▸ Your goal:
Each entry needs to be reproduced exactly, with none left out.

▸ Working data:

----

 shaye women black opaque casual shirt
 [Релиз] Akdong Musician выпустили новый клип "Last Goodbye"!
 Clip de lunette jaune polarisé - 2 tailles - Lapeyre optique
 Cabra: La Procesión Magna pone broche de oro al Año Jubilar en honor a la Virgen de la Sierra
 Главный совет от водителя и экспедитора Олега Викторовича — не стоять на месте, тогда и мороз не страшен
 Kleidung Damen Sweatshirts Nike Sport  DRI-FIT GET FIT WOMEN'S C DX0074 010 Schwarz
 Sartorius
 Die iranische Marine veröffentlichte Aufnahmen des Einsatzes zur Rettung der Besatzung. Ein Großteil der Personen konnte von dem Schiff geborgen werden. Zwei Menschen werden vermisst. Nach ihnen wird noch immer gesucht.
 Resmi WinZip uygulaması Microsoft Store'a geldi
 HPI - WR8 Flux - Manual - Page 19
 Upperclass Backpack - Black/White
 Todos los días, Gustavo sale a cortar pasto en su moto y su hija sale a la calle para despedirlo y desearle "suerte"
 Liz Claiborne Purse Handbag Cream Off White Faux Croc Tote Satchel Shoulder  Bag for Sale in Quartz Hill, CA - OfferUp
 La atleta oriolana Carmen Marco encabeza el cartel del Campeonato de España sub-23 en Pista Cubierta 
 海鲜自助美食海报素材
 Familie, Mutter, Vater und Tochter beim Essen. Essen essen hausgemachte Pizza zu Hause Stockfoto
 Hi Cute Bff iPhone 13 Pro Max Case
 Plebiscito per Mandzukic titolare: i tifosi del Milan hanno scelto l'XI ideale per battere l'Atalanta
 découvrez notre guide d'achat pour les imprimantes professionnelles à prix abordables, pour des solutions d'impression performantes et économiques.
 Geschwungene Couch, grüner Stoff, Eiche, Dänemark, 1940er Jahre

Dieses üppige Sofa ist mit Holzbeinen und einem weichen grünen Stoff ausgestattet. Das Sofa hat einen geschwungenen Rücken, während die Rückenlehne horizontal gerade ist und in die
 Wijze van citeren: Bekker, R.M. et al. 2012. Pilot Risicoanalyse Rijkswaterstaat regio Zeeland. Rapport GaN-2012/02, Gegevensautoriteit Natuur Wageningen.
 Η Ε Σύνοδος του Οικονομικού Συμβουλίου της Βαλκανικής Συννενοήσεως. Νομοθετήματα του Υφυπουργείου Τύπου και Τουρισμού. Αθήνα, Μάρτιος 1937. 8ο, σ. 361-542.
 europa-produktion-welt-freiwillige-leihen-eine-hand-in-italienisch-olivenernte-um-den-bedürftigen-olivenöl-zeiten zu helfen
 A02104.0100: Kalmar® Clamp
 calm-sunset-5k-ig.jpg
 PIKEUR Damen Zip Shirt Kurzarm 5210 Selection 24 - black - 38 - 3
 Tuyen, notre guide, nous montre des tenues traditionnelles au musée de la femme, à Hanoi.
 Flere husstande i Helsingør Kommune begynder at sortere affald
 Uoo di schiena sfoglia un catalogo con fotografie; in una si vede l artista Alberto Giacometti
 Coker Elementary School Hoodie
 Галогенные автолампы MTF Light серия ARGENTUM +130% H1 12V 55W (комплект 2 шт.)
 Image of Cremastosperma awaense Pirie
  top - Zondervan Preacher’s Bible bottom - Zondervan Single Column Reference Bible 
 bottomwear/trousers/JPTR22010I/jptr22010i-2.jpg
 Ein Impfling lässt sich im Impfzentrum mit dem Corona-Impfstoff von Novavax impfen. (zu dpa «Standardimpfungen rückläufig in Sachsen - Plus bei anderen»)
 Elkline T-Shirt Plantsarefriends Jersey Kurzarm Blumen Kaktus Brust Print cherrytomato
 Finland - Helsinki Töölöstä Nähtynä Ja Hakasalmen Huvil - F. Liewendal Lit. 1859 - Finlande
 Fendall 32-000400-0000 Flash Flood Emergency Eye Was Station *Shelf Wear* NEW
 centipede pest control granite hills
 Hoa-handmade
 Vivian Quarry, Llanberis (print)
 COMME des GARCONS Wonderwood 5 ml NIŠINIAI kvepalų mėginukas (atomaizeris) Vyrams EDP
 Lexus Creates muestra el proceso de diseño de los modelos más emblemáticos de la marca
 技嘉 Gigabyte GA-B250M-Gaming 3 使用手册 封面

----

▸ Worked solution:
 shaye women black opaque casual shirt
 [Релиз] Akdong Musician выпустили новый клип "Last Goodbye"!
 Clip de lunette jaune polarisé - 2 tailles - Lapeyre optique
 Cabra: La Procesión Magna pone broche de oro al Año Jubilar en honor a la Virgen de la Sierra
 Главный совет от водителя и экспедитора Олега Викторовича — не стоять на месте, тогда и мороз не страшен
 Kleidung Damen Sweatshirts Nike Sport  DRI-FIT GET FIT WOMEN'S C DX0074 010 Schwarz
 Sartorius
 Die iranische Marine veröffentlichte Aufnahmen des Einsatzes zur Rettung der Besatzung. Ein Großteil der Personen konnte von dem Schiff geborgen werden. Zwei Menschen werden vermisst. Nach ihnen wird noch immer gesucht.
 Resmi WinZip uygulaması Microsoft Store'a geldi
 HPI - WR8 Flux - Manual - Page 19
 Upperclass Backpack - Black/White
 Todos los días, Gustavo sale a cortar pasto en su moto y su hija sale a la calle para despedirlo y desearle "suerte"
 Liz Claiborne Purse Handbag Cream Off White Faux Croc Tote Satchel Shoulder  Bag for Sale in Quartz Hill, CA - OfferUp
 La atleta oriolana Carmen Marco encabeza el cartel del Campeonato de España sub-23 en Pista Cubierta 
 海鲜自助美食海报素材
 Familie, Mutter, Vater und Tochter beim Essen. Essen essen hausgemachte Pizza zu Hause Stockfoto
 Hi Cute Bff iPhone 13 Pro Max Case
 Plebiscito per Mandzukic titolare: i tifosi del Milan hanno scelto l'XI ideale per battere l'Atalanta
 découvrez notre guide d'achat pour les imprimantes professionnelles à prix abordables, pour des solutions d'impression performantes et économiques.
 Geschwungene Couch, grüner Stoff, Eiche, Dänemark, 1940er Jahre

Dieses üppige Sofa ist mit Holzbeinen und einem weichen grünen Stoff ausgestattet. Das Sofa hat einen geschwungenen Rücken, während die Rückenlehne horizontal gerade ist und in die
 Wijze van citeren: Bekker, R.M. et al. 2012. Pilot Risicoanalyse Rijkswaterstaat regio Zeeland. Rapport GaN-2012/02, Gegevensautoriteit Natuur Wageningen.
 Η Ε Σύνοδος του Οικονομικού Συμβουλίου της Βαλκανικής Συννενοήσεως. Νομοθετήματα του Υφυπουργείου Τύπου και Τουρισμού. Αθήνα, Μάρτιος 1937. 8ο, σ. 361-542.
 europa-produktion-welt-freiwillige-leihen-eine-hand-in-italienisch-olivenernte-um-den-bedürftigen-olivenöl-zeiten zu helfen
 A02104.0100: Kalmar® Clamp
 calm-sunset-5k-ig.jpg
 PIKEUR Damen Zip Shirt Kurzarm 5210 Selection 24 - black - 38 - 3
 Tuyen, notre guide, nous montre des tenues traditionnelles au musée de la femme, à Hanoi.
 Flere husstande i Helsingør Kommune begynder at sortere affald
 Uoo di schiena sfoglia un catalogo con fotografie; in una si vede l artista Alberto Giacometti
 Coker Elementary School Hoodie
 Галогенные автолампы MTF Light серия ARGENTUM +130% H1 12V 55W (комплект 2 шт.)
 Image of Cremastosperma awaense Pirie
  top - Zondervan Preacher’s Bible bottom - Zondervan Single Column Reference Bible 
 bottomwear/trousers/JPTR22010I/jptr22010i-2.jpg
 Ein Impfling lässt sich im Impfzentrum mit dem Corona-Impfstoff von Novavax impfen. (zu dpa «Standardimpfungen rückläufig in Sachsen - Plus bei anderen»)
 Elkline T-Shirt Plantsarefriends Jersey Kurzarm Blumen Kaktus Brust Print cherrytomato
 Finland - Helsinki Töölöstä Nähtynä Ja Hakasalmen Huvil - F. Liewendal Lit. 1859 - Finlande
 Fendall 32-000400-0000 Flash Flood Emergency Eye Was Station *Shelf Wear* NEW
 centipede pest control granite hills
 Hoa-handmade
 Vivian Quarry, Llanberis (print)
 COMME des GARCONS Wonderwood 5 ml NIŠINIAI kvepalų mėginukas (atomaizeris) Vyrams EDP
 Lexus Creates muestra el proceso de diseño de los modelos más emblemáticos de la marca
 技嘉 Gigabyte GA-B250M-Gaming 3 使用手册 封面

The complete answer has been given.